# Alfine8 Shifter 'Options'



## OFFcourse (Aug 11, 2011)

Just been out for my first big ride on the new rig (IGH Fatbike with a Nexus 8 Twist Shifter on it) I am gushing over the IGH and shifting from 8-1 is awsome but.............

The Nexus 8 Twist forces my brakes too far out for my little hands (maybe I should learn to brake with my index not middle finger) and bunny hops/jumps etc. got quite a few unauthorized shifts. Having a really small grip space then the big diameter of the gripshifter with rotation is a little disconcerting, I was certainly holding back on some steep descents because of the lack of stable grip area.

I'm just wondering what my options are AFAIK it's the Nexus8 Twist or Alfine RapidFire correct?


















Also with regard to the Alfine RapidFire does it release multiple gears at once or is it 1 up 1 down at a time?


----------



## Andy R (Nov 26, 2008)

The 8 speed shifter works one gear at a time, you can't dump a load of gears at once.
Having said that, I can go down through the gears as quickly as I ever need to - from 8th to 1st in less than a couple of seconds, so it's no big deal.


----------



## Wishful_Thinking (Jul 27, 2008)

+1 on the shifting time for the rapid fire shifter.

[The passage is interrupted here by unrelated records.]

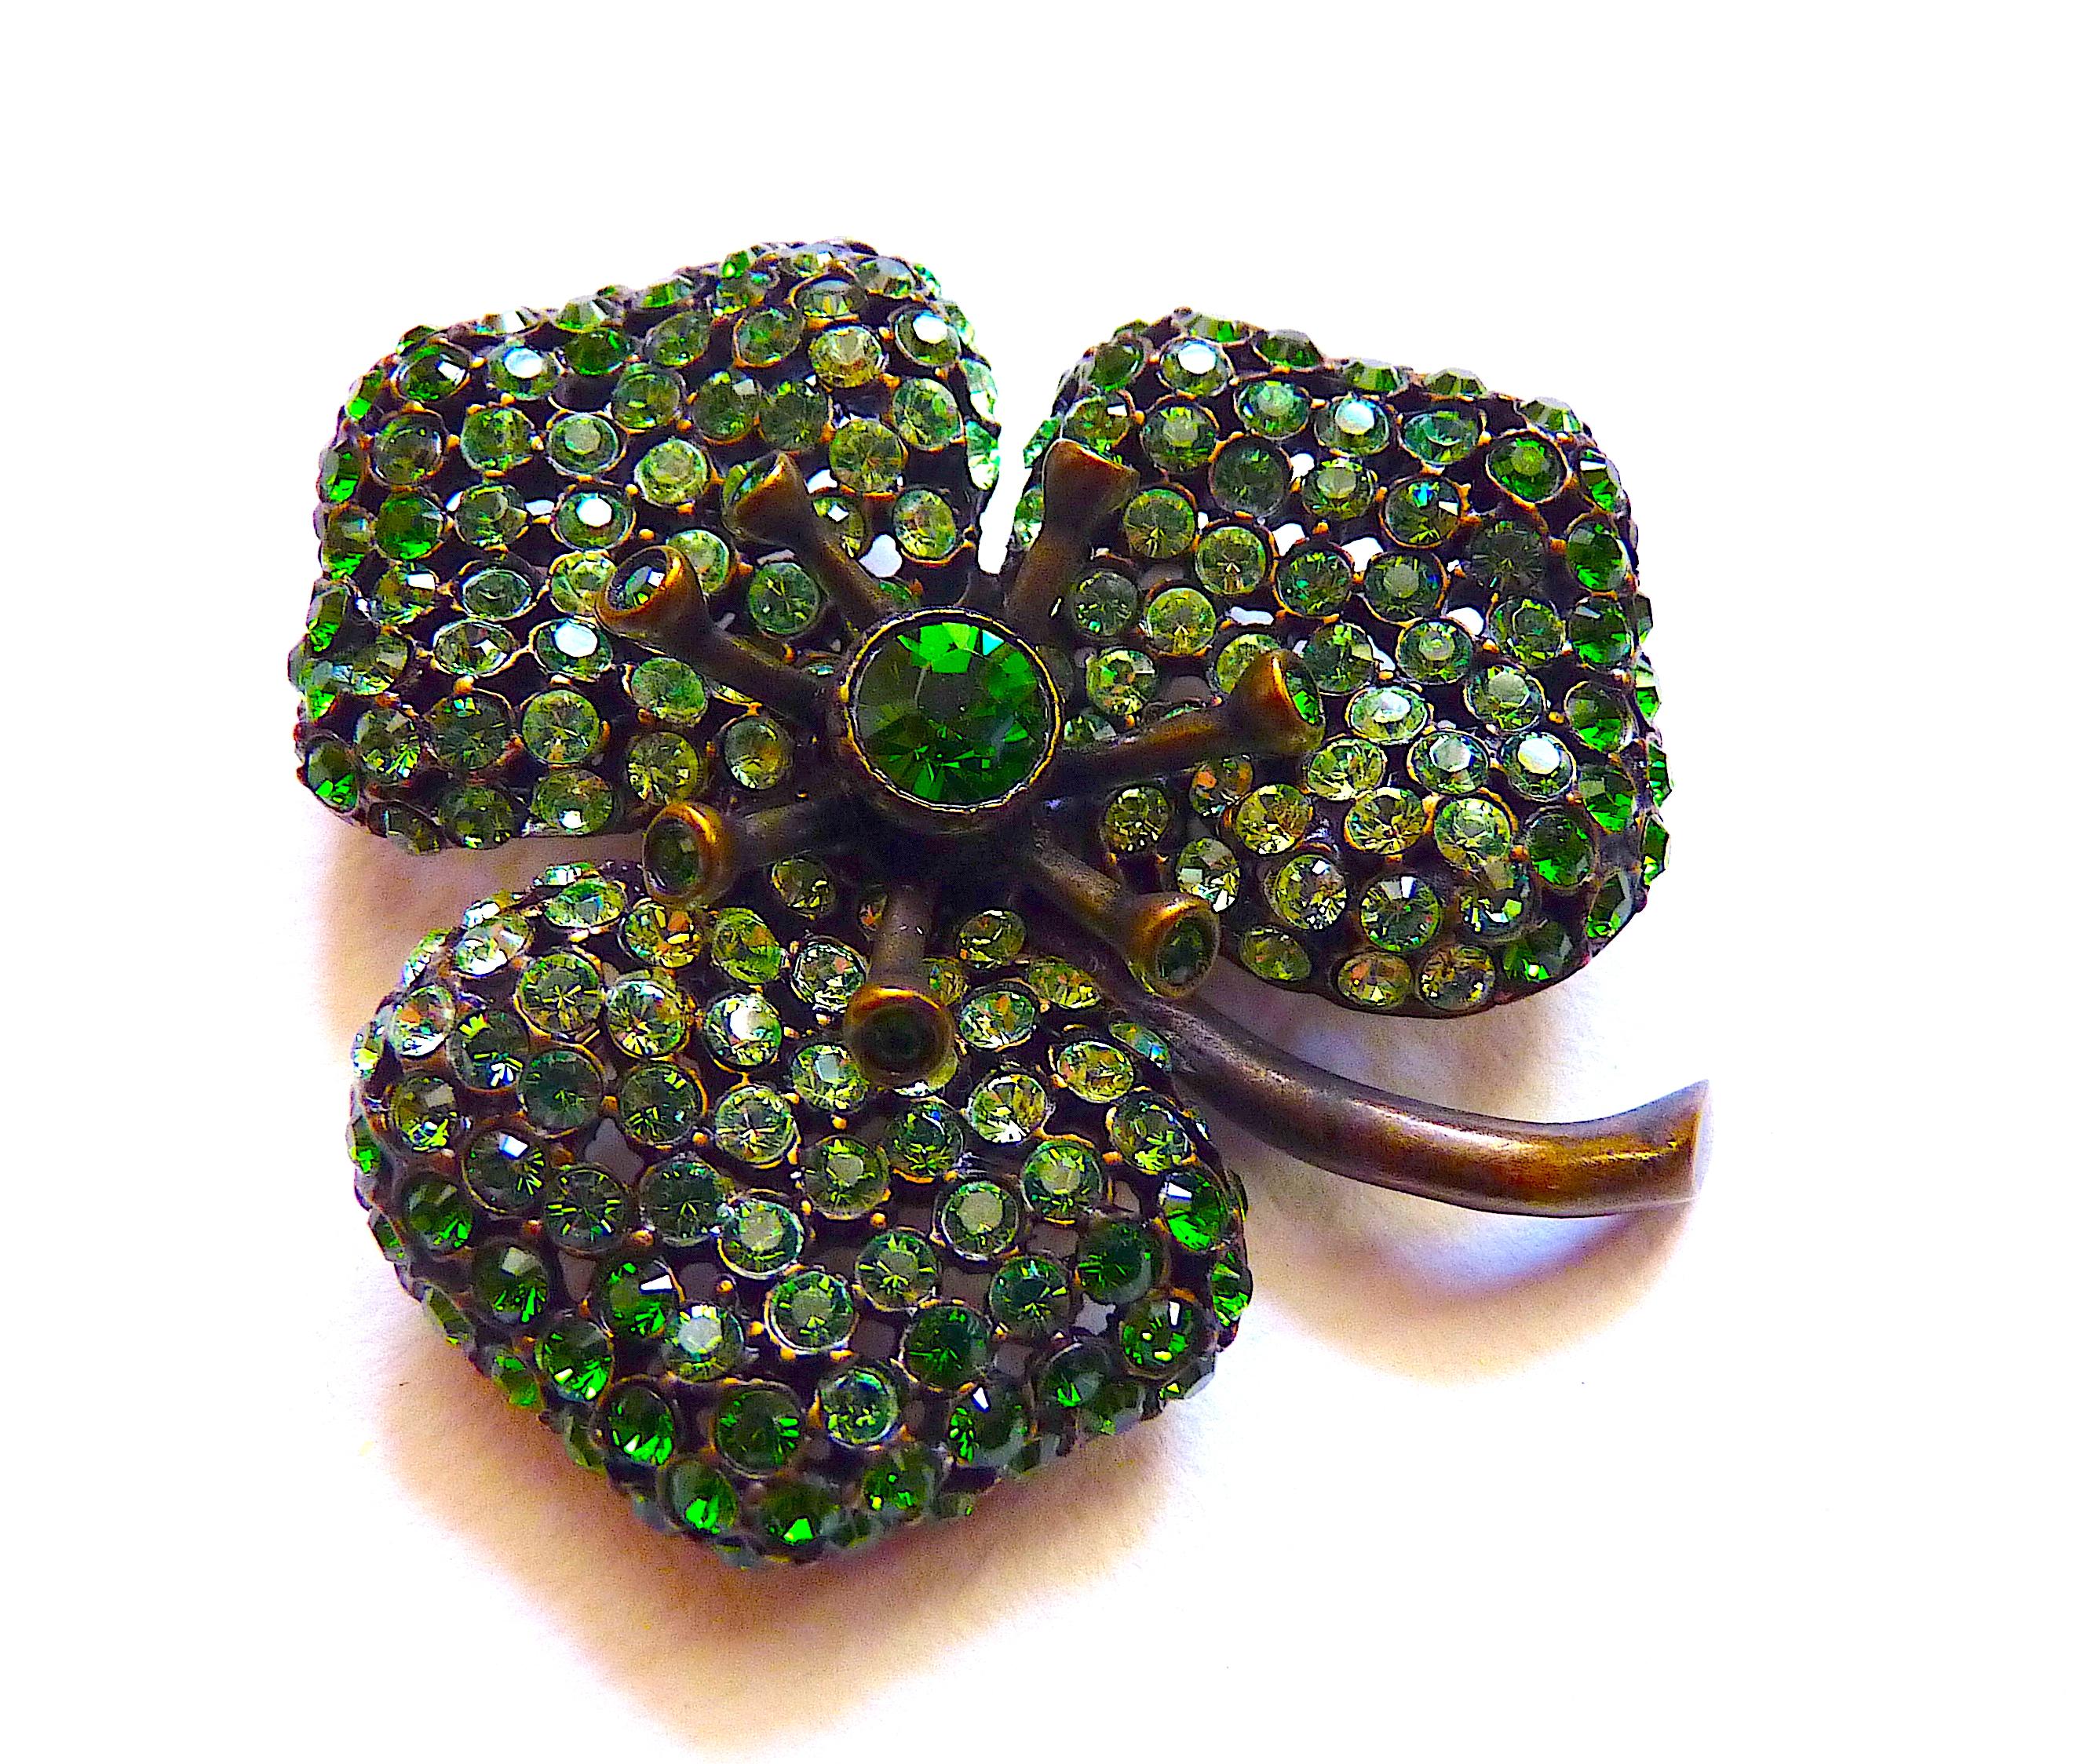 This is a Sonia Rykiel Clover Brooch made of brown patinated metal decorated with very shiny green glass stones, it is Vintage from the 1980s.

Signed SONIA RYKIEL at back of the brooch

CONDITION : Mint Condition ! This brooch seems unworn
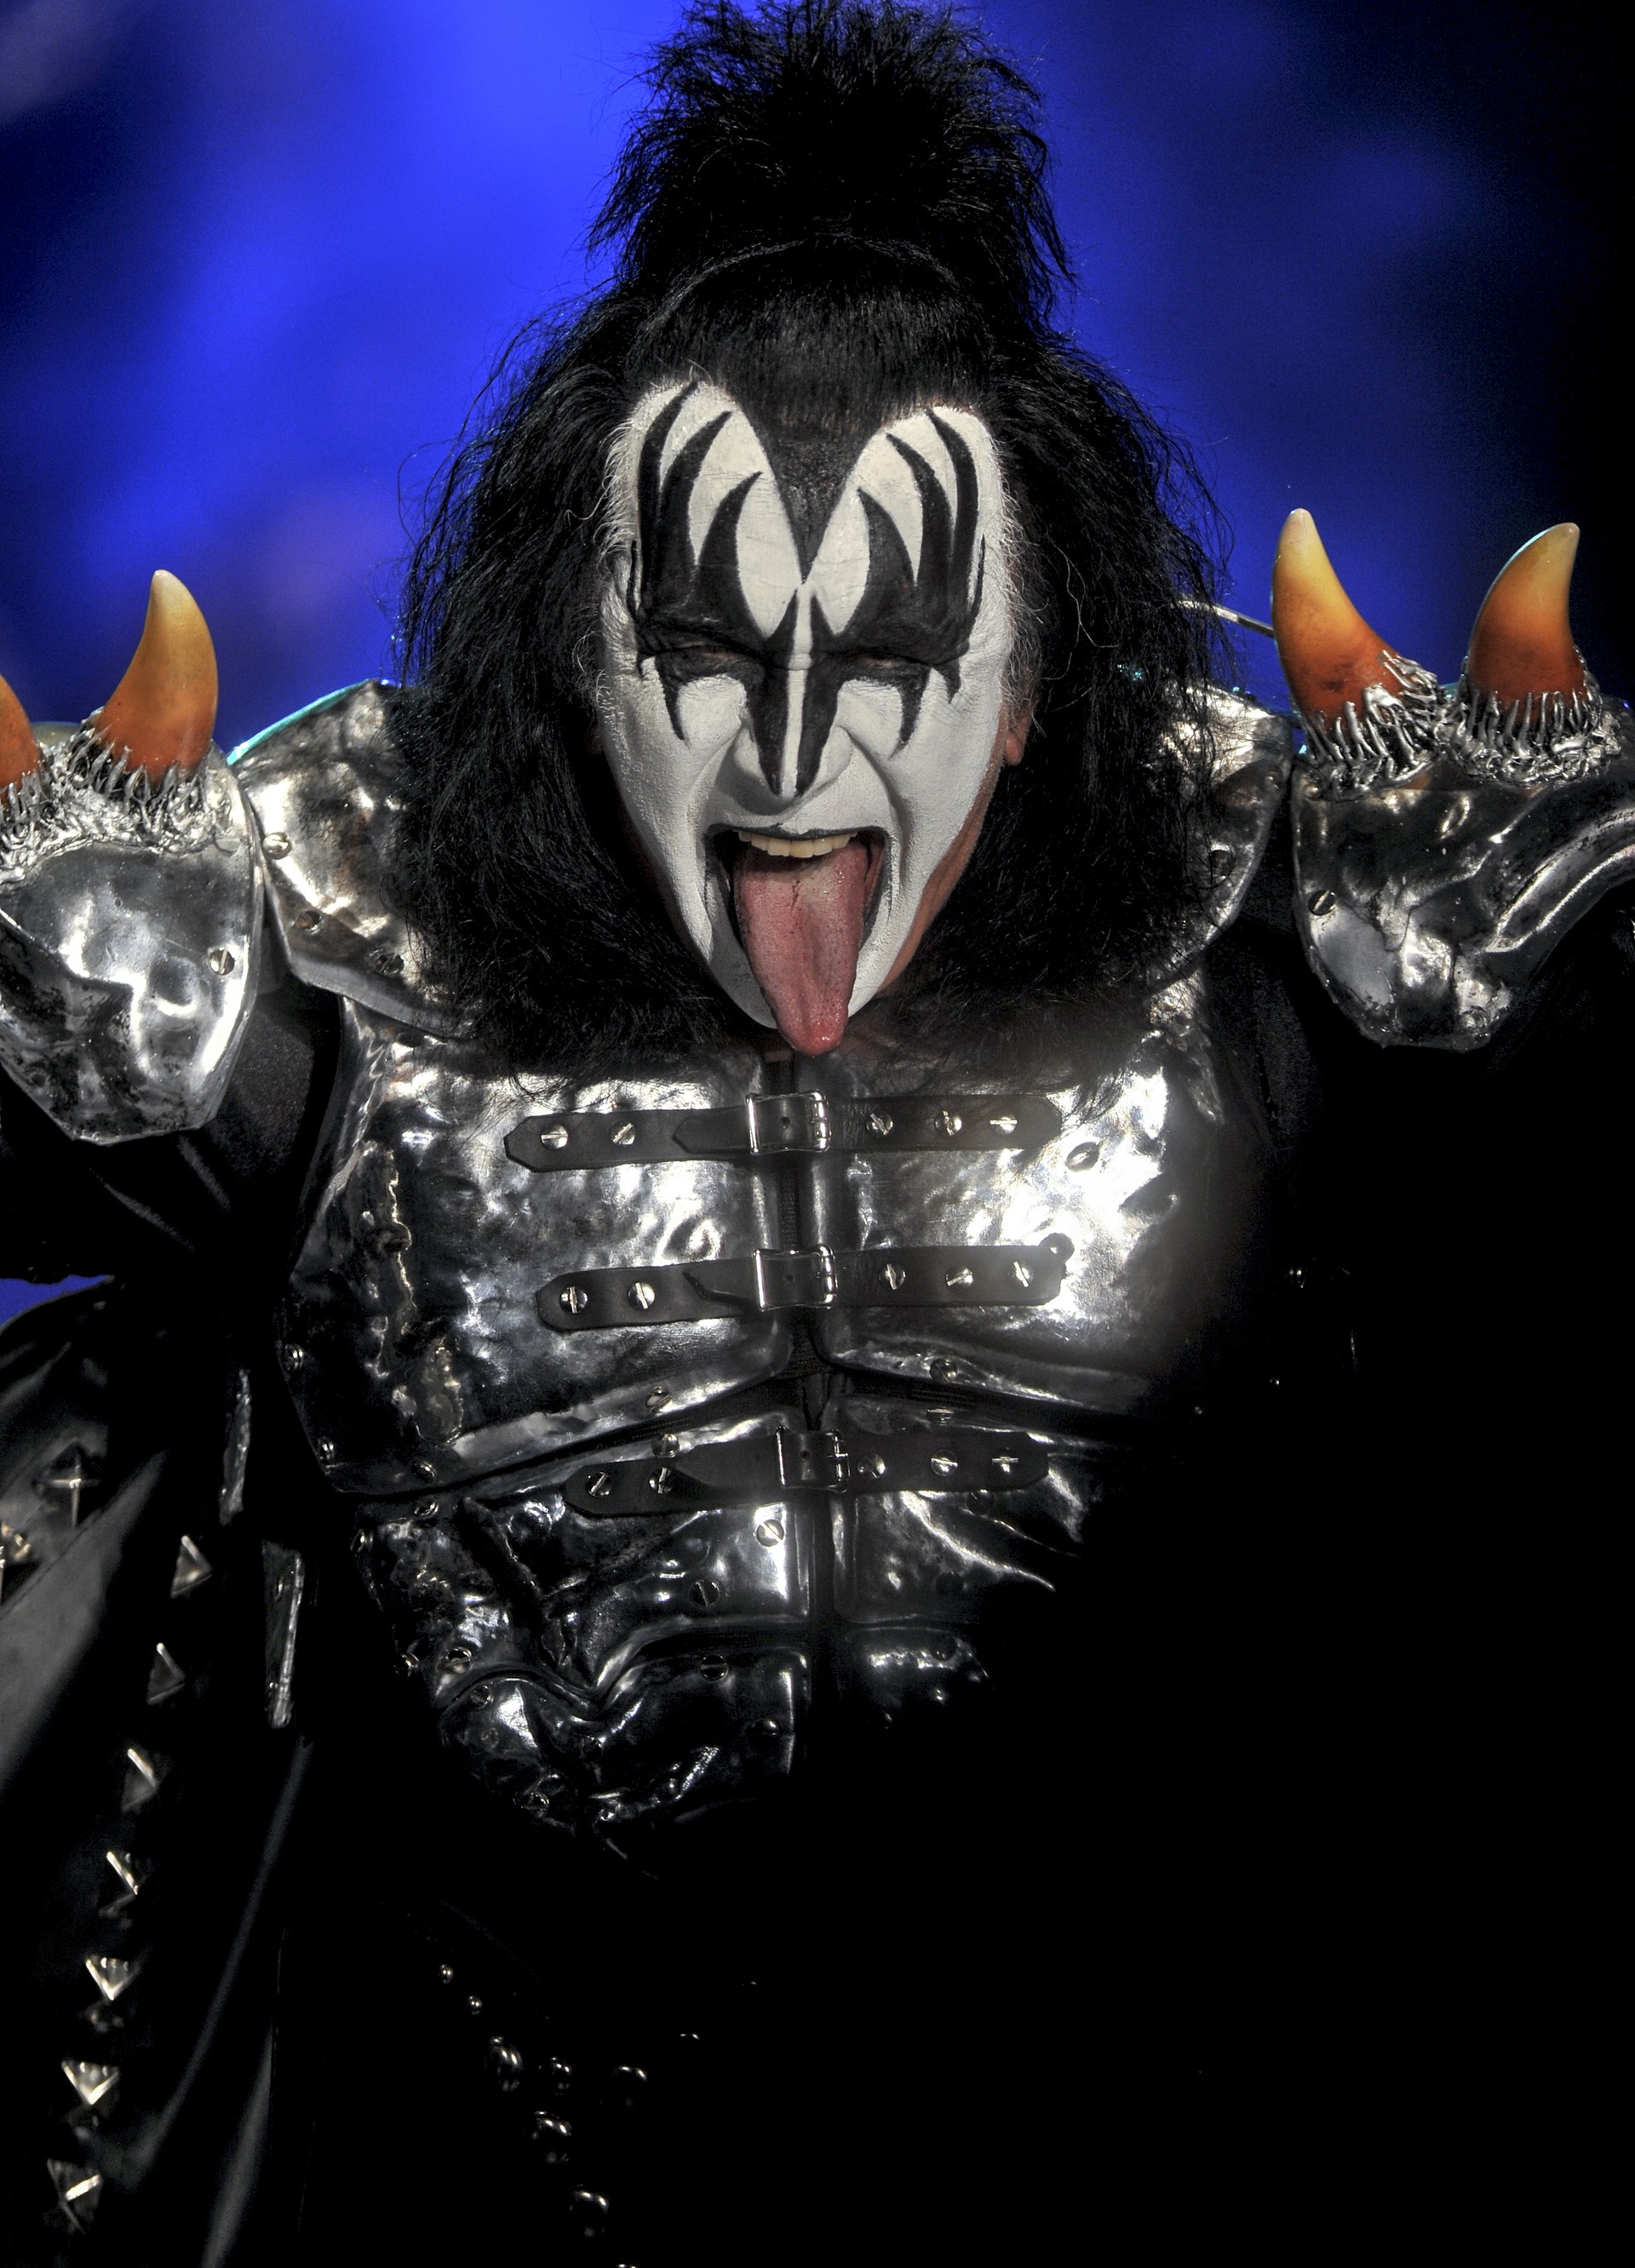 O cantor Gene Simmons (Foto: Getty Images)
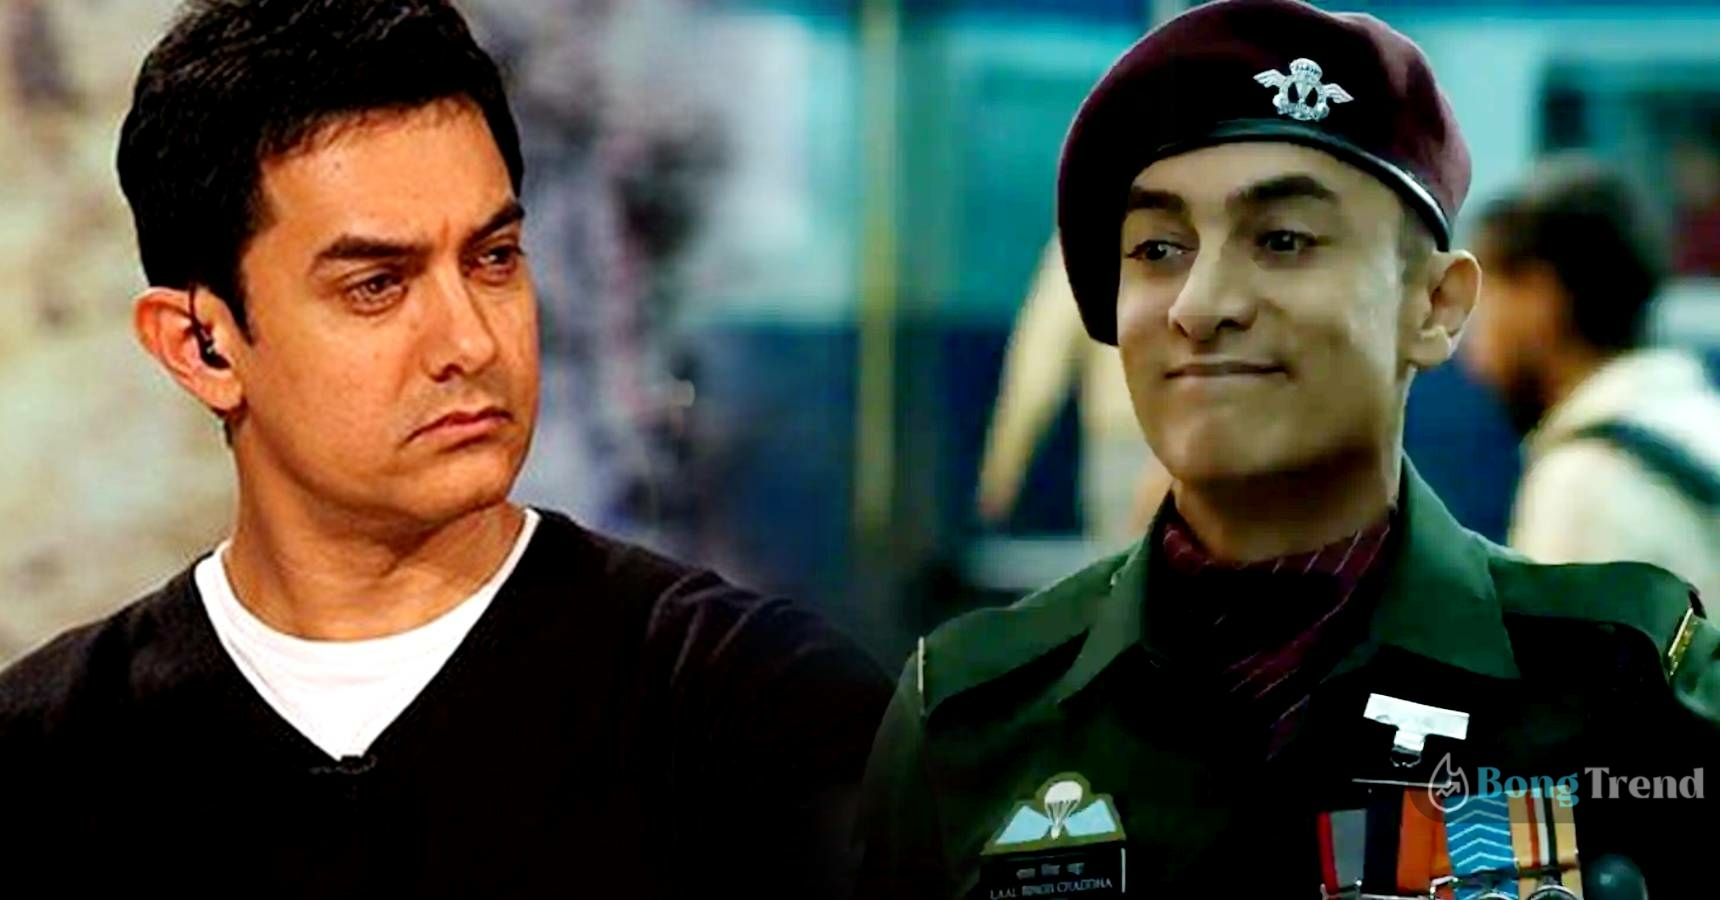 A lawyer complaints against Aamir Khan and others for disrespecting Indian Army in Laal Singh Chaddha

I have to plan the shift before starting my steep climb (as is the nature of IGHs), but I also can move through the gears fairly quickly.


----------



## dru (Sep 4, 2006)

Yes, you can downshift as fast as you can pull your finger. Upshifting takes a bit more effort and time.

Not really an issue at all. I raced my Alfine once and the shifting was the least of my worries.


----------



## Leopold Porkstacker (Apr 21, 2010)

They also sell the roadieboy drop-bar shifter/brake lever combos. I paid $208 for a new set earlier this year, and only used them on ONE ride. Sure, it was a 75 mile ride, but I feel as raped as roadieboys always do when they pull up at a group ride with their all-white riding kits.  Anyone wanna buy them? I’ll gladly let them go for $100.00.


----------



## OFFcourse (Aug 11, 2011)

Thanks I will have to pick up a rapidfire and see the difference it's a shame the shifters for the alfine8 are so dated the hub and shifting is such a breath of fresh air (excuse the phrase w cheese) would be sick to have modern shifters to match.


----------



## Drew Diller (Jan 4, 2010)

There is also the Jtek Alfine bar end shifter. Not so good for MTBing, though.

Leopold Porkstacker, I'll think about taking those Versa levers off you...


----------



## OFFcourse (Aug 11, 2011)

Drew Diller said:


> There is also the Jtek Alfine bar end shifter. Not so good for MTBing, though.
> 
> Leopold Porkstacker, I'll think about taking those Versa levers off you...


Do they shift multiple gears at once? And is there a way to set them up next to the brakes on a standard bar?


----------



## Leopold Porkstacker (Apr 21, 2010)

Drew Diller said:


> Leopold Porkstacker, I'll think about taking those Versa levers off you...


I still have them. You, too, can pretend to be a roadieboy with these *Versa*tile drop-centric shifter/brake grips. PM if interested.


----------



## sonic reducer (Apr 12, 2010)

zerode bikes, the NZ DH company that have used an alfine 8 as a gearbox, have come up with a way to run a sram X9 shifter on the alfine hub. it involves taking the shifter apart and installing a new ratchet wheel. AFAIK they do sell just the part if you want to convert your own sram X9 or whatever.
Zerodebikes - , SRAlfine shifter

seems like the best option yet for the alfine, less weight, less bulk, nicer feel, nicer looks.


----------



## OFFcourse (Aug 11, 2011)

Nice find $105 is pretty rich but I don't have to pay international shipping so that's sweet!
Thanks


----------



## sonic reducer (Apr 12, 2010)

They sell just the part for like $20 if you have a SRAM shifter on the shelf.


----------



## sonic reducer (Apr 12, 2010)

zerode's sram shifter conversion
https://i1053.photobucket.com/albums/s465/StephenRM/Zerode/x9conversion_zpsc7d117a8.jpg


----------



## OFFcourse (Aug 11, 2011)

Thanks for that doesn't look to difficult, think I will just grab the r2g one from zerode as I don't have an sram x9 in the garage.


----------